Defensive Blue Chips Anchor One. Mega-Cap Tech Drives the Other.
JEPI’s portfolio includes Johnson & Johnson at 1.8%, Ross Stores at 1.7%, EOG Resources at 1.7%, NextEra Energy at 1.7%, and AbbVie at 1.6%. Sector exposure spreads across Information Technology at 14.6%, Health Care at 12.6%, Industrials at 11.9%, and Financials at 9.4%.

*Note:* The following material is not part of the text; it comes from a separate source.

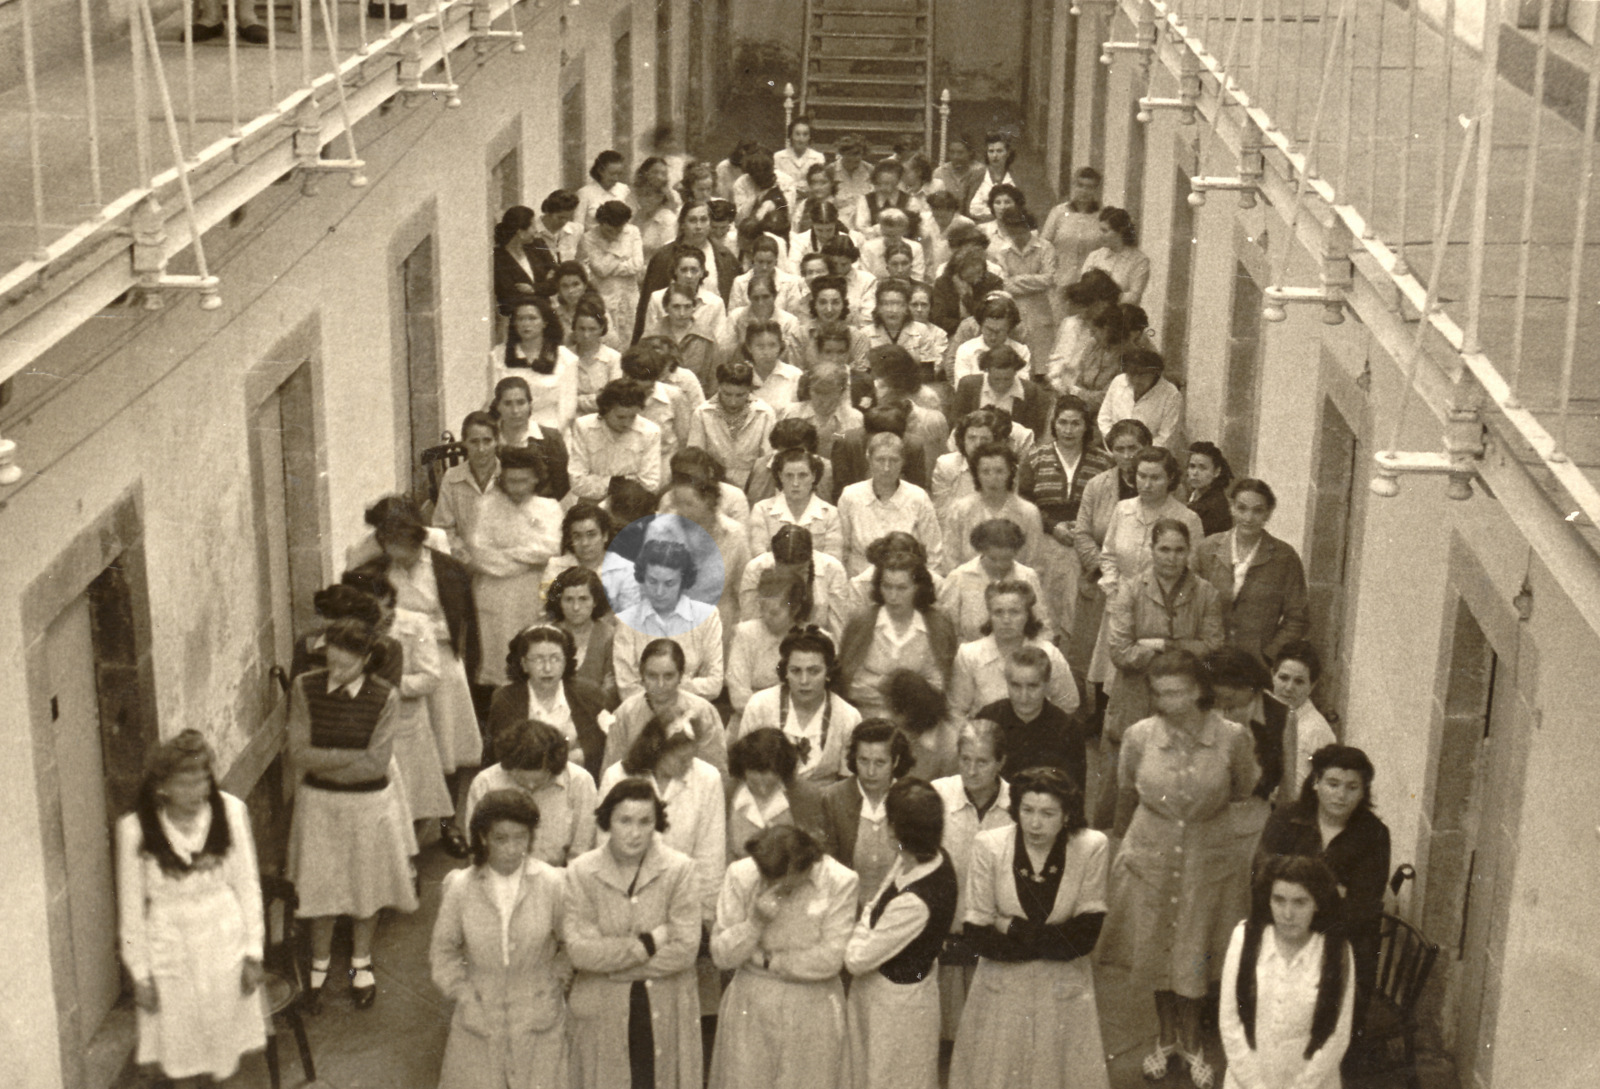 Misa de campanya a la presó de Segovia, 1954. Resaltada, Maria Salvo Iborra. Arxiu personal de Maria Salvo Iborra

JEPQ starts with NVIDIA at 7.4%, Apple at 6.4%, Alphabet at 5.1%, Microsoft at 4.9%, and Amazon at 4.1%. Information Technology accounts for 41.1% of holdings, with Communication Services adding another 12.1%. The income comes from selling calls against volatile mega-caps.
| Lens | JEPI | JEPQ |
| Benchmark | S&P 500 | Nasdaq-100 |
| Net Assets | $43.96B | $34.27B |
| Expense Ratio | 0.35% | 0.35% |
| Distribution Yield | 8.45% | 11.98% |
| Inception | May 2020 | May 2022 |
Higher Yield, Higher Beta
JEPQ’s richer payout reflects fatter option premiums when implied volatility is high. JEPQ paid $0.59095 in May 2026, after $0.5586 in April. JEPI paid $0.44761 in May 2026 versus $0.4205 a month earlier. Both distribute monthly without a miss.

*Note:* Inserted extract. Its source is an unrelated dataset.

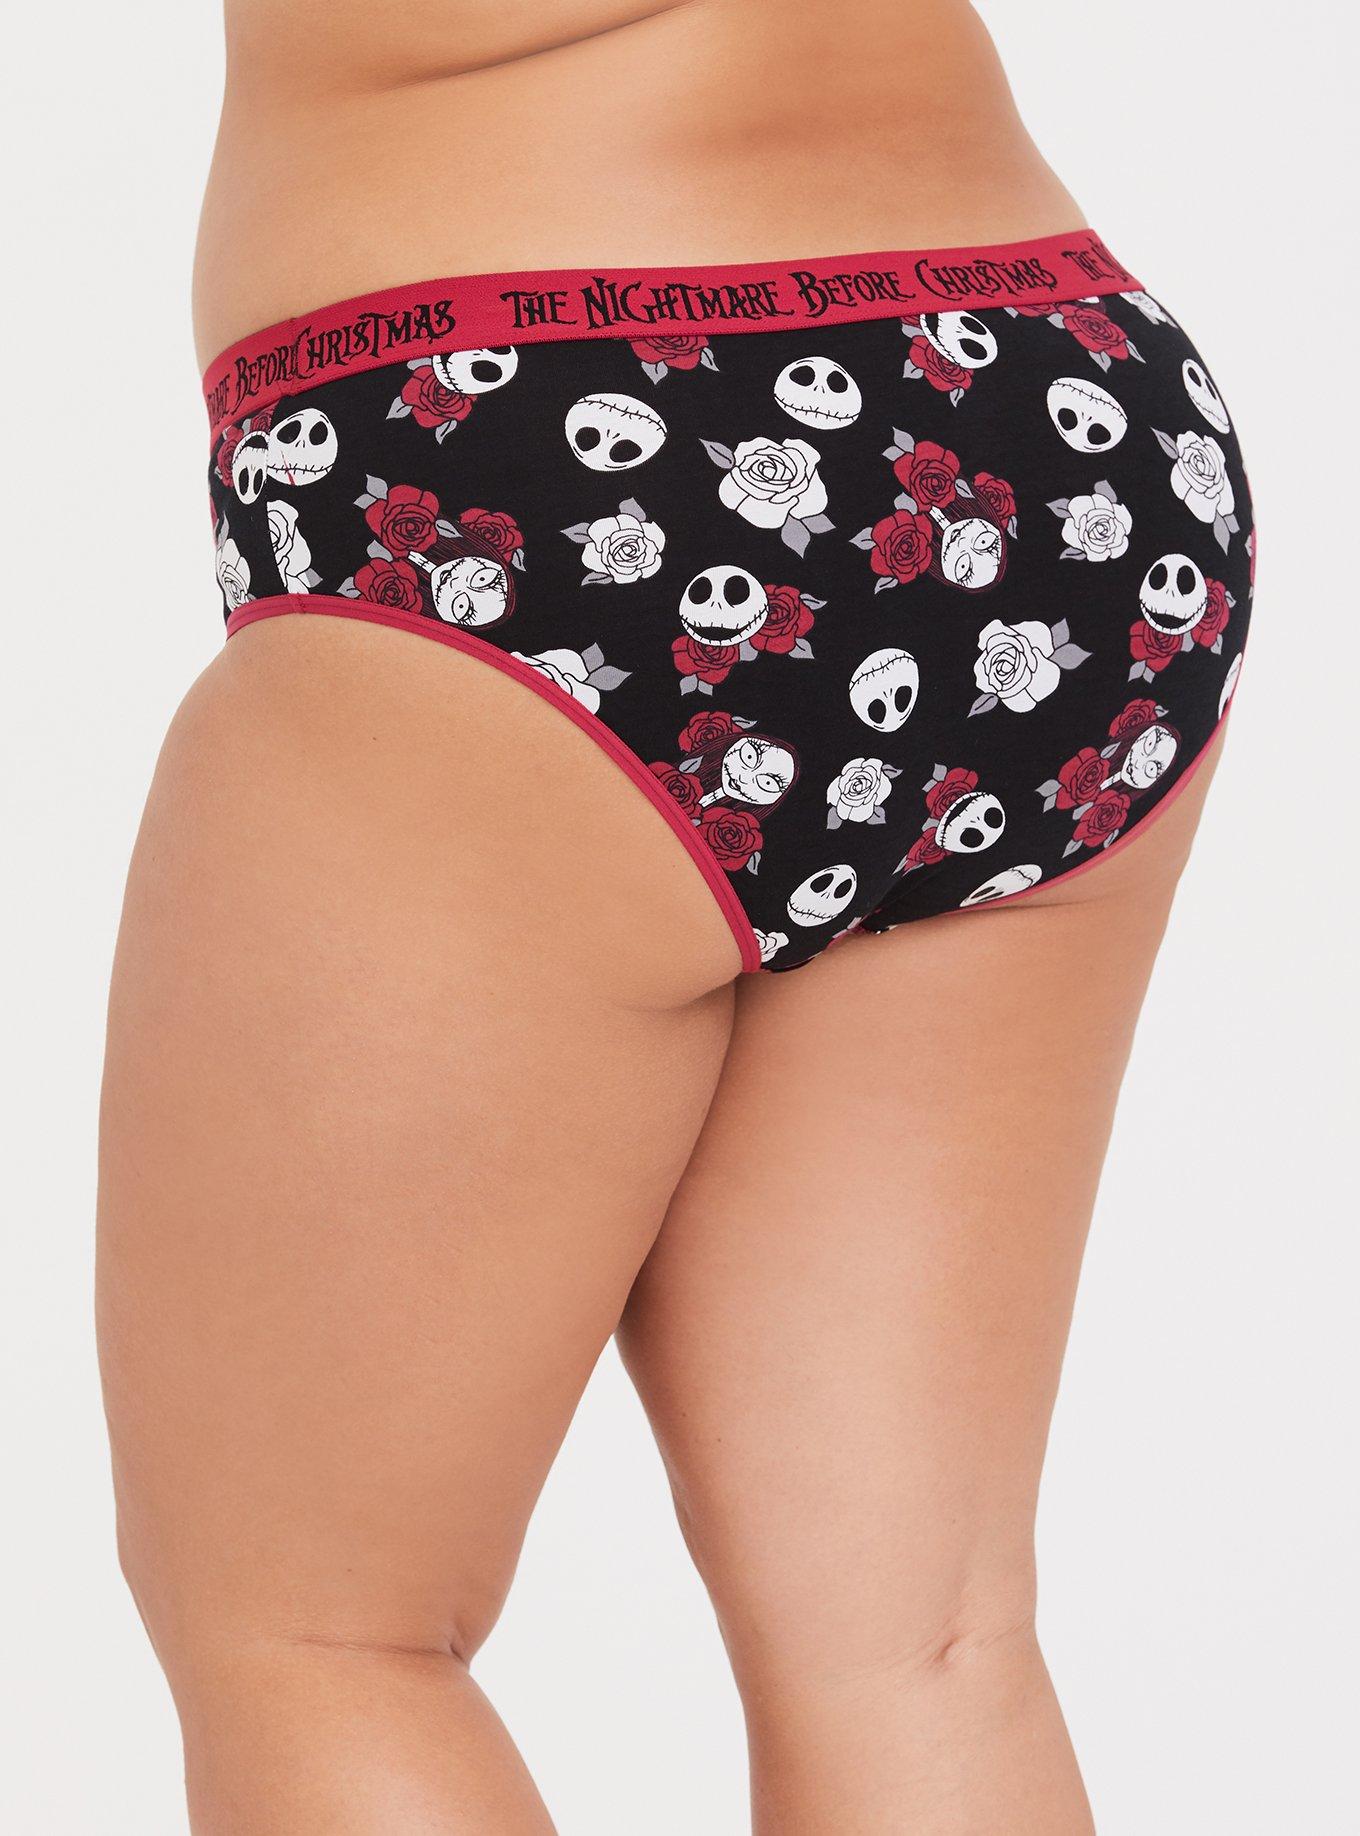 Torrid Thong Panties Underwear Disney Marvel Deadpool Tacos Plus Size 2 18  / 20

Total return reveals what the call overlay costs. Over the past year JEPQ rose 28.67%, while Invesco QQQ Trust (NASDAQ:QQQ | QQQ Price Prediction) ran 43.79%. JEPI returned 9.84% against SPDR S&P 500 ETF Trust (NYSEARCA:SPY), which returned 30.37%. The cap on upside is the price of income.
The Next Test Is Volatility
Income from covered calls thrives when markets chop sideways and fades when stocks rip higher. I will watch whether tech volatility stays elevated enough to keep JEPQ’s distributions in the high-$0.50 range. JEPI’s June 2025 distribution of $0.54001 showed the fund can surprise when option premiums spike.
Why I Lean Toward JEPI for Sleep-At-Night Income
For a retirement income sleeve, JEPI fits better. The 8.45% yield comes from a diversified blue-chip book that won’t whip around with every NVIDIA earnings cycle. Top holdings sit at modest weights, the largest under 2%, limiting single-name shocks. JEPQ suits someone comfortable owning concentrated tech exposure who wants the option overlay to convert volatility into cash. You give up meaningful upside in strong Nasdaq runs. I would own JEPQ as a yield-tilted way to stay invested in tech while collecting 11.98% on the way through, not as a defensive income vehicle. The right fund depends on the underlying market exposure an investor wants. The income strategy is the wrapper, not the engine.